Spider suggested that I find "a place that has some spiritual meaning . . . and perhaps a (spiritual) counselor" to deal with the stresses that are confronting Matt and me. Spirituality is is a complex matter for me. It has been for most of my friggin 61 years. It is something that I look forward to exploring at another time in a blog that I've not yet created. Even so, Meaning and self identity are components of what we're going through. Our behavior reflects who we are and creates the self that we become. For the most part, I feel good about how I've been dealing with Matt's illness, but I don't like what I see with regard to my pathological relationship with food. The physical ramifications of this are obvious. I've written about this in terms of integrity. On a deeper level, how can I fully experience life, how can I find meaning in this experience, if I am blunting my experience of it with food? Food becomes a blanket in which I smother myself.

I'll end this with an affirmation that started as a kind of prayer: "I, Arlene, stay conscious, embrace health, and choose happiness. I have the strength an energy to make that happen."

Sunday, June 03, 2007

I'm Sad

Thank you to all my on-line friends who've continued to check out my blog and make comments. I'll do another post, but only a brief one now. Matt's osteoarthritis is severely limiting his movement. He is mostly wheelchair bound. He sleeps sitting up on the couch because laying in bed is painful. On Friday he had an MRI. We hope to hear his rhumatologist's (sp?) recommendations tomorrow.
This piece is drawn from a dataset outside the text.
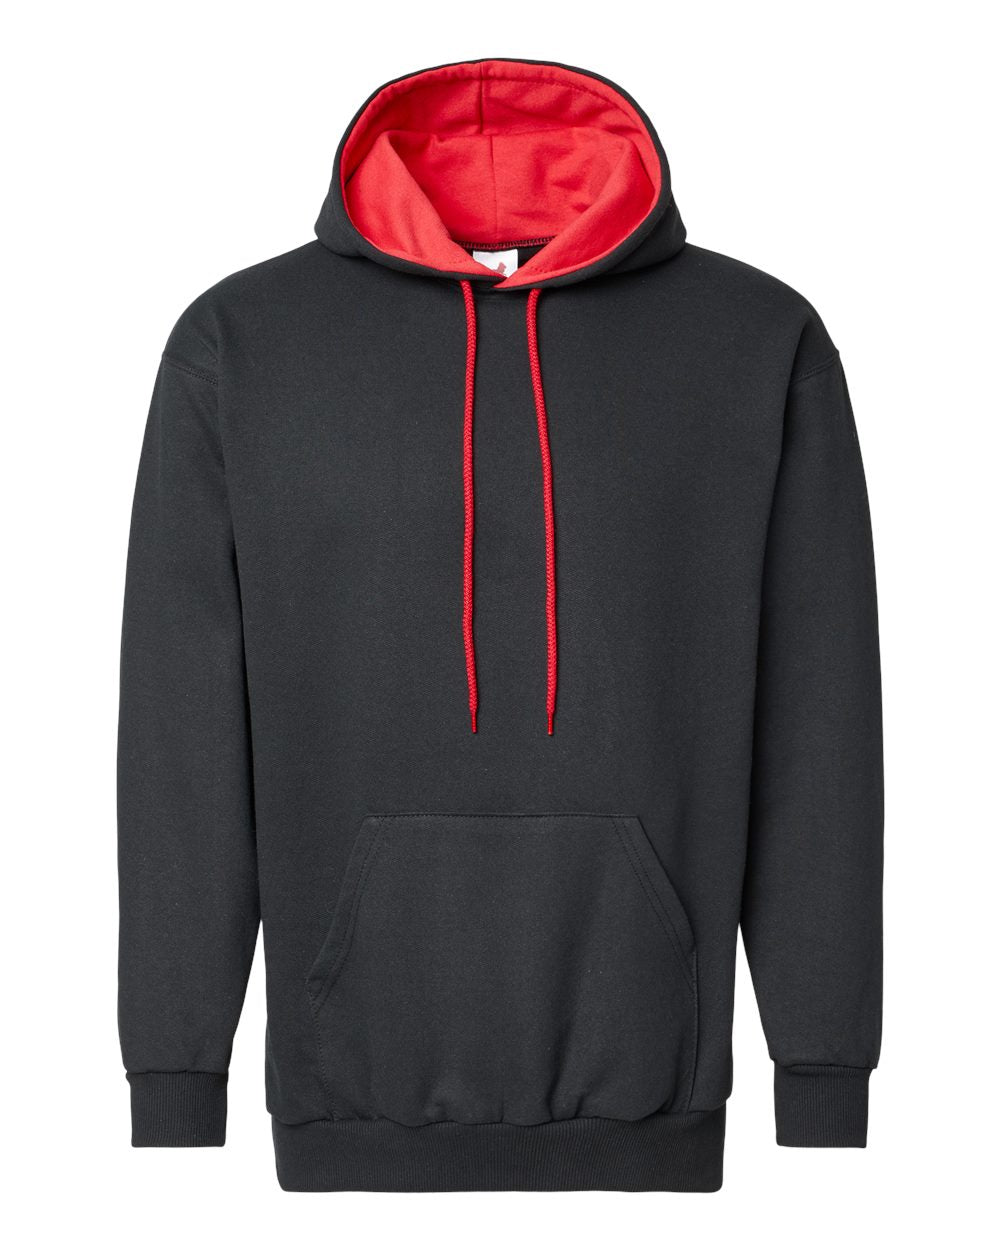 King Fashion Two-Tone Hooded Sweatshirt KF9041 #color_Black/ Red
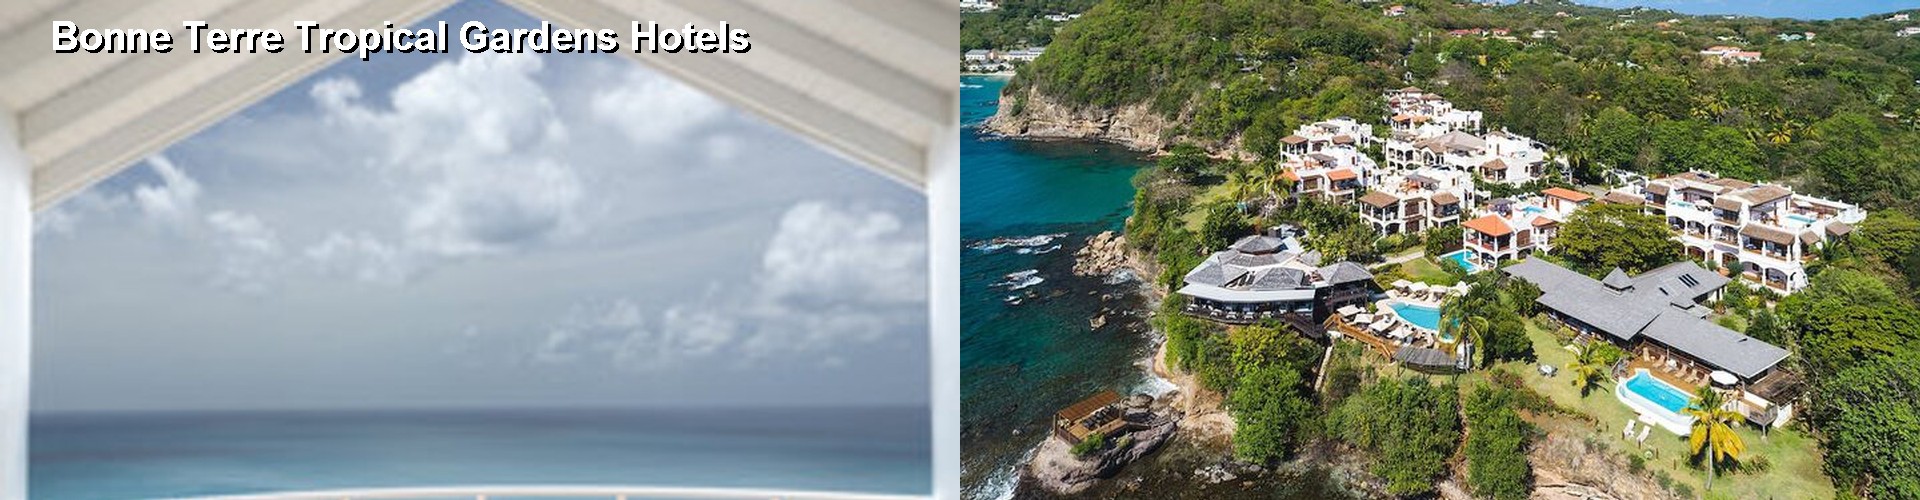 5 Best Hotels near Bonne Terre Tropical Gardens

Matt is often despondent. I've been trying to keep my spirits up. Often I'm mindlessly tired. My weight is up. Something new will emerge out of this. New energies will come forth. It is a challenge to be optimistic. Ours is a show that may be canceled in the coming season or the one after that. "That which doesn't kill you makes you strong," as the saying goes. The emphasis is always on the strengthening powers of adversary. Enough of this for now . . .

Thanks to you who read this. Thanks to you who care.